Zika—a new continent and new complications?

The latest reminders that we live in a medically connected global community are the appearance of the Africa-born Zika virus infection in Brazil and other areas within the Western hemisphere and the subsequent apparent transmission of the disease to female sexual contacts of infected males in the United States. Zika virus’ geographic travels are most certainly of interest; they can be traced from sub-Saharan Africa, where serologically identified outbreaks have continued since 1947, through Asia, Micronesia, Polynesia, and now South and Central America. But what may turn out to be even more interesting than the virus’s travel itinerary is what we may learn about the Zika virus-human host interaction and the subsequent spectrum of clinical disease.

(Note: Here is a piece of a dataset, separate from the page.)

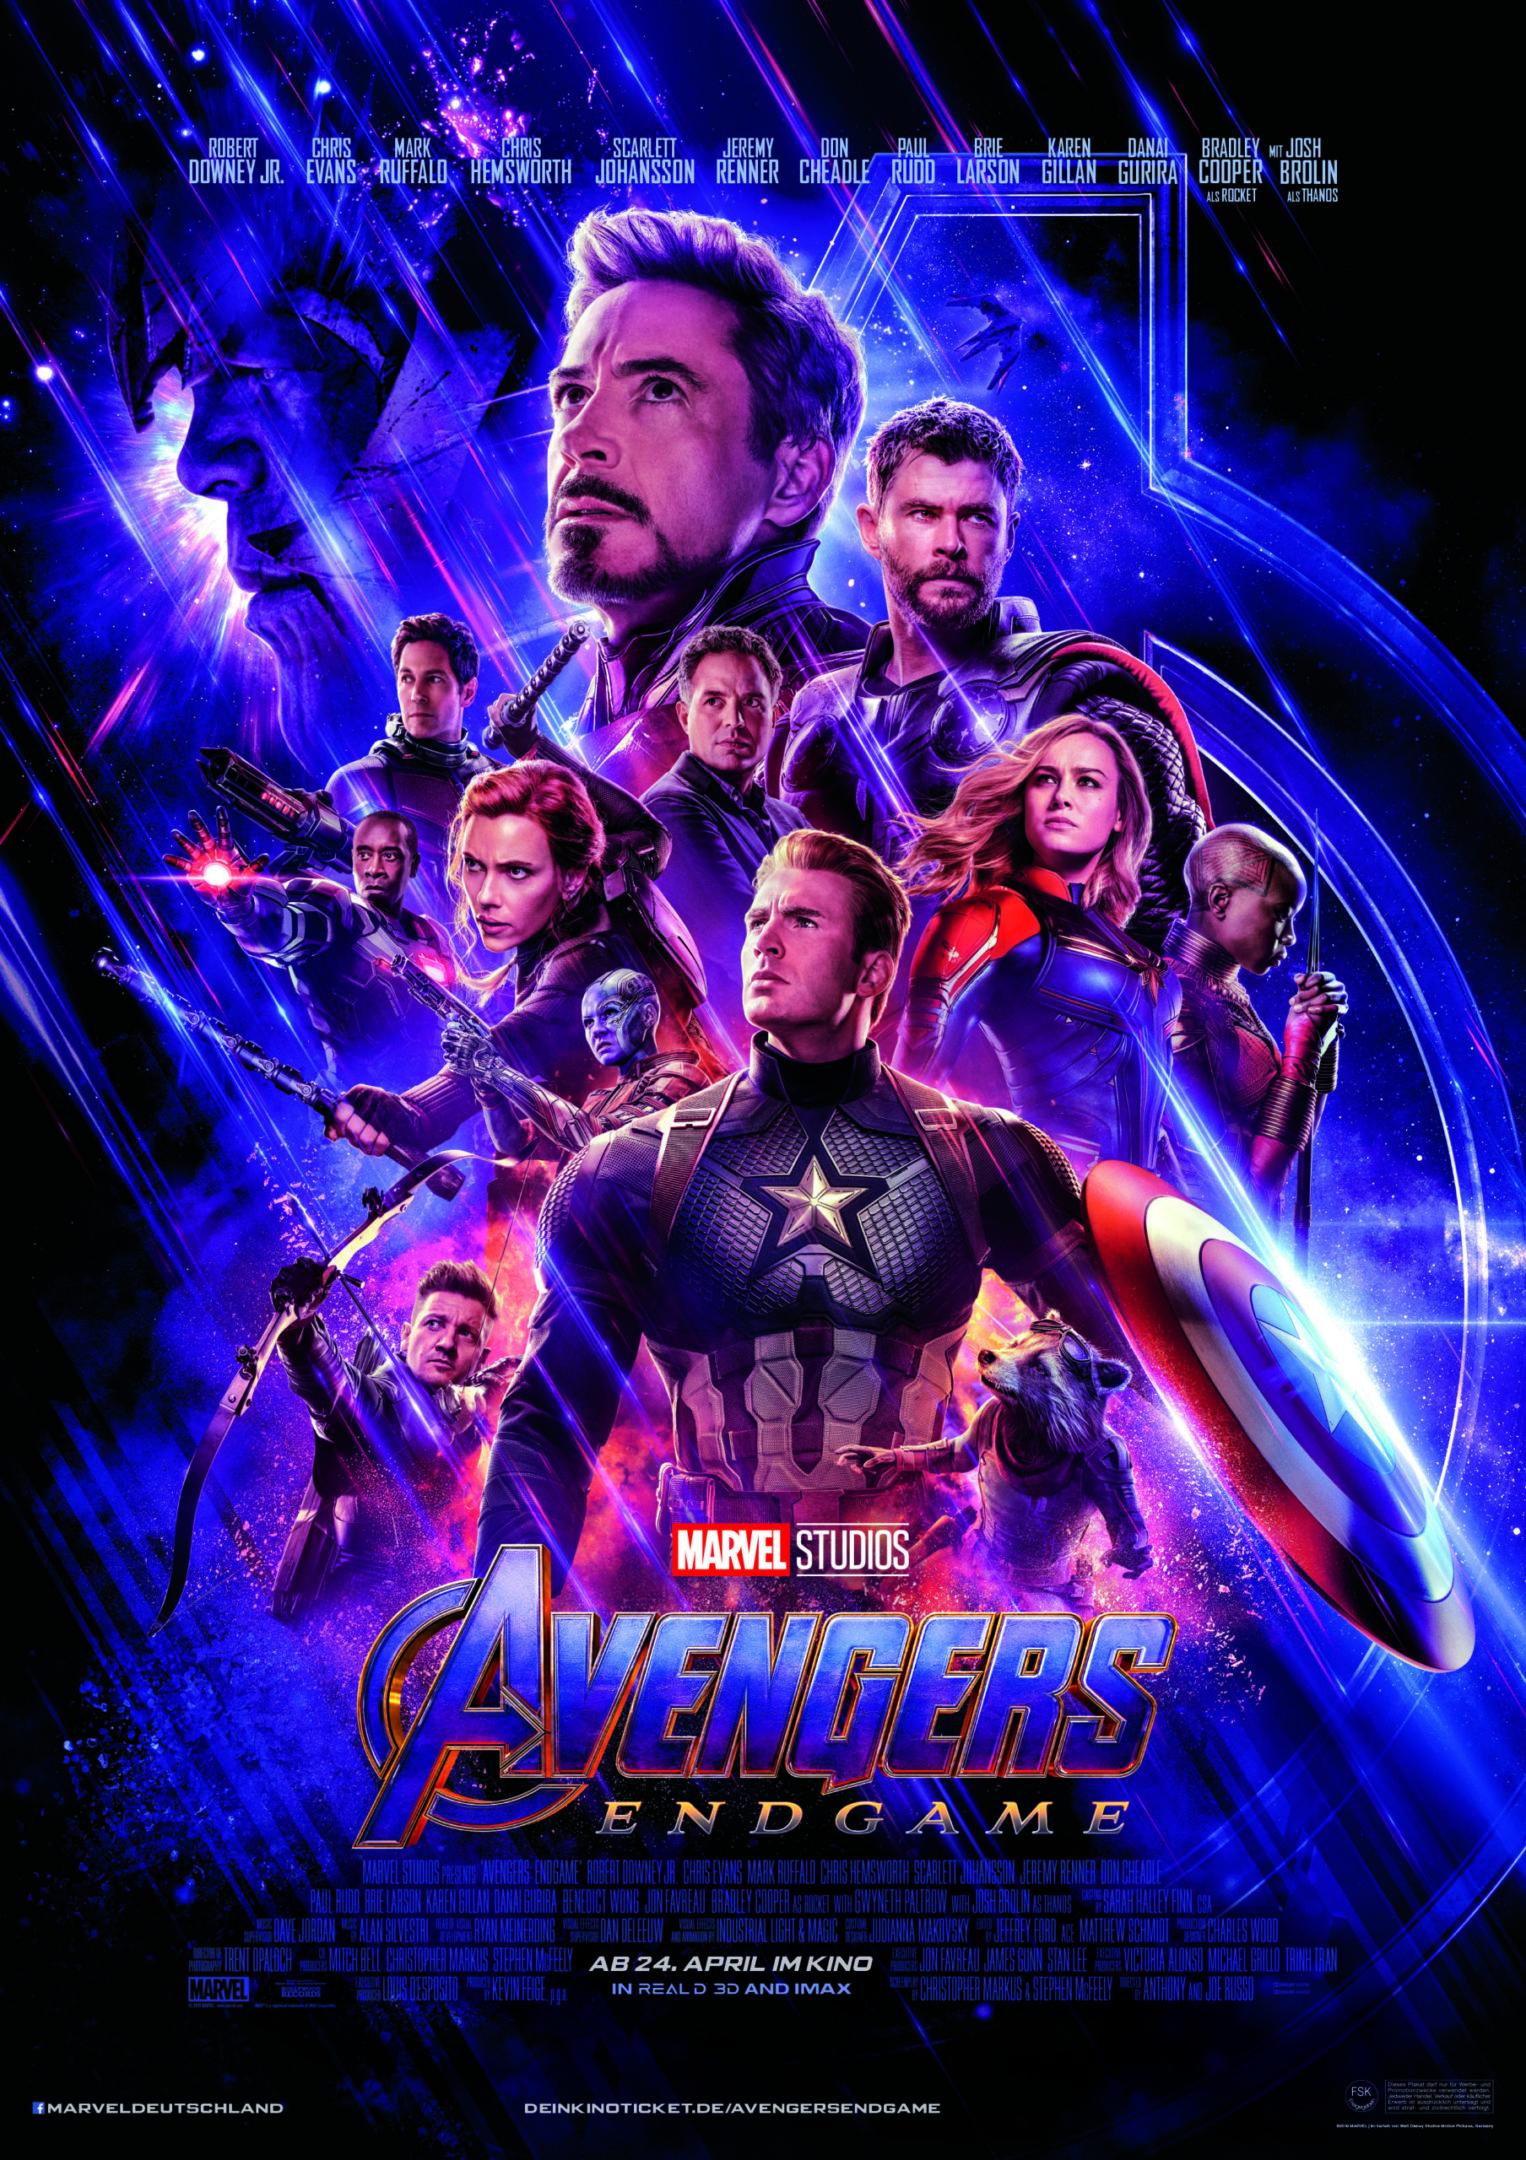 004503_02_Avengers4_HP_RZ_mitStartdatum.indd

The primary clinical illness following serologically defined infection seems to be relatively uncommon and generally mild: a fairly nondistinctive febrile episode with mild rash, small- and large-joint arthralgias or arthritis, and nonpurulent conjunctivitis. But what has fostered the greatest concern is the epidemiologic association of Zika infection with the neurologic complications of microcephaly and Guillain-Barré syndrome (GBS).

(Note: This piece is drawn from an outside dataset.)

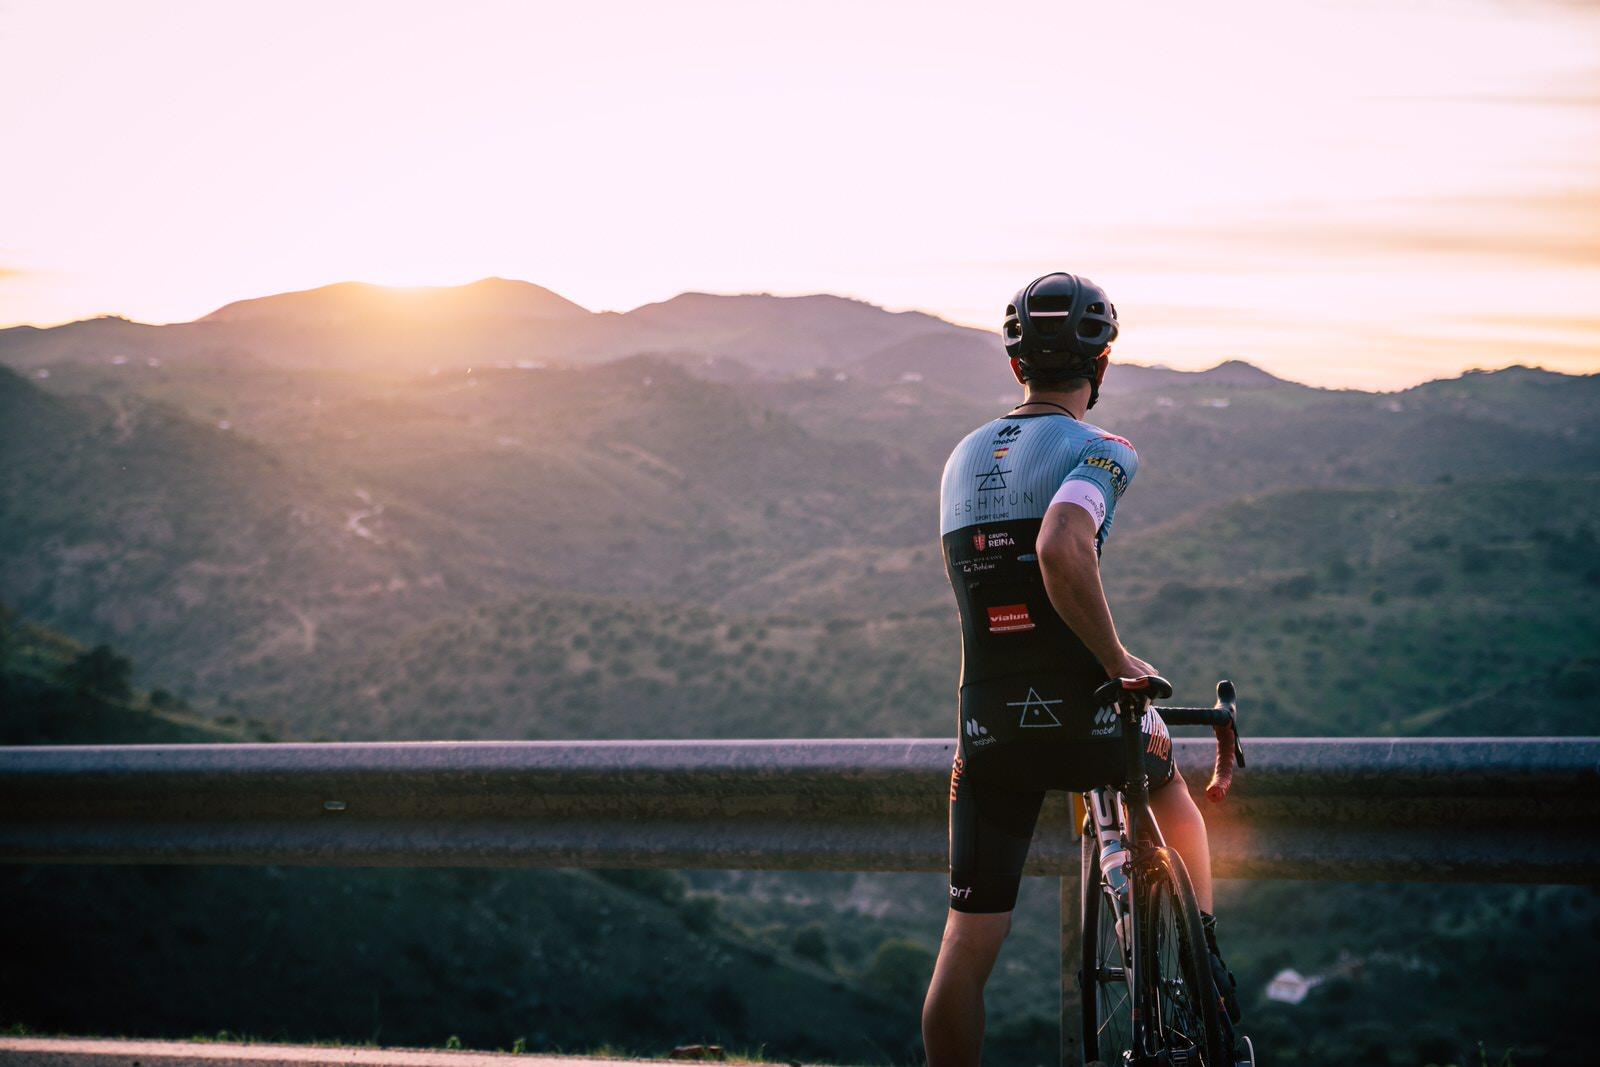 ロードバイクを始めることで得られるメリット

During the 2013–2014 outbreak of Zika infection in French Polynesia, 42 patients with GBS were identified, 100% of whom had serologic evidence suggestive of recent Zika infection, compared with 56% of control patients without GBS.¹ Serologic determination of recent infection can be difficult due to cross-reactivity with other flaviviruses, but it seems that in the Polynesian outbreak the risk of GBS might be much less than 1 in 1,000 patients. This is not unlike the incidence of GBS following influenza, Campylobacter, and cytomegalovirus. One explanation for why GBS may follow certain infections is that the infection can trigger antibodies that cross-react with neuronal membrane components. However, those antiganglioside antibodies were not uniformly present in the Polynesian patients who developed GBS following Zika infection. Thus, this may provide an opportunity to further understand the mechanism by which GBS is associated with some infections, in selected patients.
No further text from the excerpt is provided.